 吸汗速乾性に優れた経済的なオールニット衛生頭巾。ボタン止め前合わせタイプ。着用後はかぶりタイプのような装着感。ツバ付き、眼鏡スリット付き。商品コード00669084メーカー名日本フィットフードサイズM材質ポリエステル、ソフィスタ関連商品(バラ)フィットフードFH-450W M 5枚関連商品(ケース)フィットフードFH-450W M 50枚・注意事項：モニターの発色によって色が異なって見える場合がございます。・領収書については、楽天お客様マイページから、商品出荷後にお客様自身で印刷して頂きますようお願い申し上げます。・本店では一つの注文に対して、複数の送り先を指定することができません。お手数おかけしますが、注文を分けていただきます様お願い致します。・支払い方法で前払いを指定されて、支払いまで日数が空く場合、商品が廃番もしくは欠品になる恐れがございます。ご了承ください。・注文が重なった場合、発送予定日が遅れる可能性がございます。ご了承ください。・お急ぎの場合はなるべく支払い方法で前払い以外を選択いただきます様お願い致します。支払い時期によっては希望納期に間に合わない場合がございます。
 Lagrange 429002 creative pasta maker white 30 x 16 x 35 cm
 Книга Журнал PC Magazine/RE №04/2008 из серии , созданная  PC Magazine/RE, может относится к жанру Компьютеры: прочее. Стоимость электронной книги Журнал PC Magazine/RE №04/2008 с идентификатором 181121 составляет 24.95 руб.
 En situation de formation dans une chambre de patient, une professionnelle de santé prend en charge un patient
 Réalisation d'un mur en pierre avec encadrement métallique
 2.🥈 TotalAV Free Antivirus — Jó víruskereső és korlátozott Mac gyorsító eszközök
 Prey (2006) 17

* * * * * * * * *

» **Requirement**
Retype the records that precede this task, keeping them exactly the same.

» **Exercise result**
 吸汗速乾性に優れた経済的なオールニット衛生頭巾。ボタン止め前合わせタイプ。着用後はかぶりタイプのような装着感。ツバ付き、眼鏡スリット付き。商品コード00669084メーカー名日本フィットフードサイズM材質ポリエステル、ソフィスタ関連商品(バラ)フィットフードFH-450W M 5枚関連商品(ケース)フィットフードFH-450W M 50枚・注意事項：モニターの発色によって色が異なって見える場合がございます。・領収書については、楽天お客様マイページから、商品出荷後にお客様自身で印刷して頂きますようお願い申し上げます。・本店では一つの注文に対して、複数の送り先を指定することができません。お手数おかけしますが、注文を分けていただきます様お願い致します。・支払い方法で前払いを指定されて、支払いまで日数が空く場合、商品が廃番もしくは欠品になる恐れがございます。ご了承ください。・注文が重なった場合、発送予定日が遅れる可能性がございます。ご了承ください。・お急ぎの場合はなるべく支払い方法で前払い以外を選択いただきます様お願い致します。支払い時期によっては希望納期に間に合わない場合がございます。
 Lagrange 429002 creative pasta maker white 30 x 16 x 35 cm
 Книга Журнал PC Magazine/RE №04/2008 из серии , созданная  PC Magazine/RE, может относится к жанру Компьютеры: прочее. Стоимость электронной книги Журнал PC Magazine/RE №04/2008 с идентификатором 181121 составляет 24.95 руб.
 En situation de formation dans une chambre de patient, une professionnelle de santé prend en charge un patient
 Réalisation d'un mur en pierre avec encadrement métallique
 2.🥈 TotalAV Free Antivirus — Jó víruskereső és korlátozott Mac gyorsító eszközök
 Prey (2006) 17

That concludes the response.